Sorry you're not seeing the image. Not sure what'd cause that.


----------



## RelicRaker (Oct 10, 2017)

bottlecrazy said:


> what's your area?  I'll be there tomorrow!


 lol.


----------



## hemihampton (Oct 10, 2017)

That looks like a nice one.


----------



## GLASSHOPPER55 (Oct 12, 2017)

Lucky you! Nice!


----------



## DanielinAk (Oct 12, 2017)

Outstanding 


Sent from my iPhone using Tapatalk


----------



## Bass Assassin (Oct 15, 2017)

Wow, awesome find


----------



## RelicRaker (Oct 15, 2017)

Bass Assassin said:


> Wow, awesome find


Thanks!


----------



## Ken_Riser (Oct 17, 2017)

RelicRaker said:


> They're tearing up my area with construction.
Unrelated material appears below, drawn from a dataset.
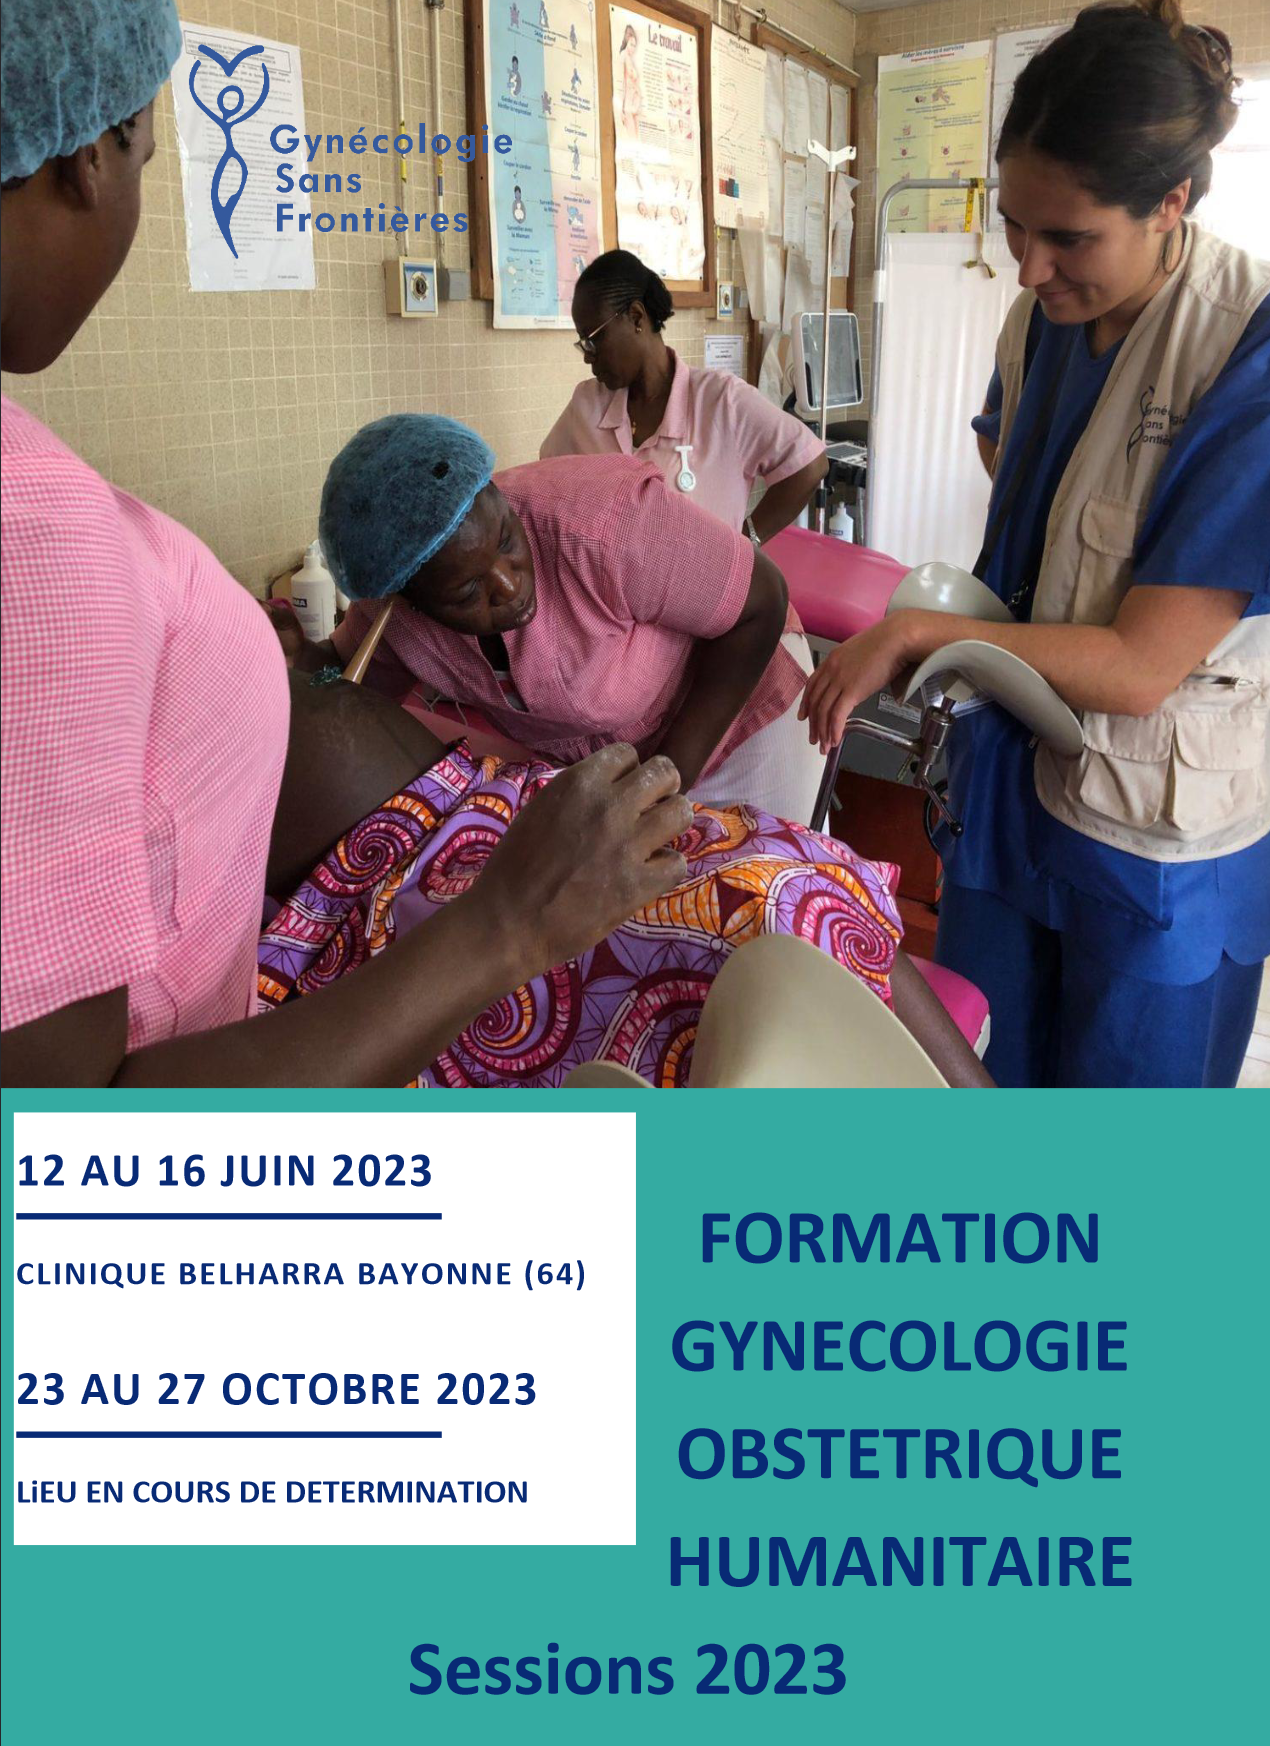 Formation Gynécologie Obstétrique Humanitaire (FGOH) – Sessions 2023 : les inscriptions sont ouvertes

Found this "R. Riddle / Philada" squat soda in a heap of surface garbage.
> 
> View attachment 179831


If in woods if you think it's just lucky I found one on top fall leave square Coke bottle I thought no way this should have been on top but I was in old area of town wasn't there now been gone since Frank Phillips of Phillips petroleum struck oil in Pershing Oklahoma I was thinking what if someone's digging and dropped it yea was right but they were long gone I used my arts looked u old pics of town that's now woods only found old lots had to picture each one as a blueprint yea they weren't that smart I hit bottles after bottles by simply seeing each lot now where would they dump or shove into ditch yeah still alot in wynona Oklahoma today was called.to war had to leave them Ohio now miss it dearly l

Sent from my Moto E (4) using Tapatalk


----------



## RelicRaker (Oct 18, 2017)

Yeah, in my area I've found an intact Hutch bulldozed into a berm, even found a Bromo in the mud of a tire track. Just gotta keep an eye peeled.


----------



## hemihampton (Oct 18, 2017)

RelicRaker said:


> Yeah, in my area I've found an intact Hutch bulldozed into a berm, even found a Bromo in the mud of a tire track. Just gotta keep an eye peeled.



I've had similar experiance's many times. I've noticed if I walk through a Construction site & the same area a 2nd or 3rd time I see bottles hidden or camouflaged in the Mud I didn't see the first time around. LEON.


----------



## RelicRaker (Oct 18, 2017)

Exactly. Or some bit of equipment's been moved since last time.


----------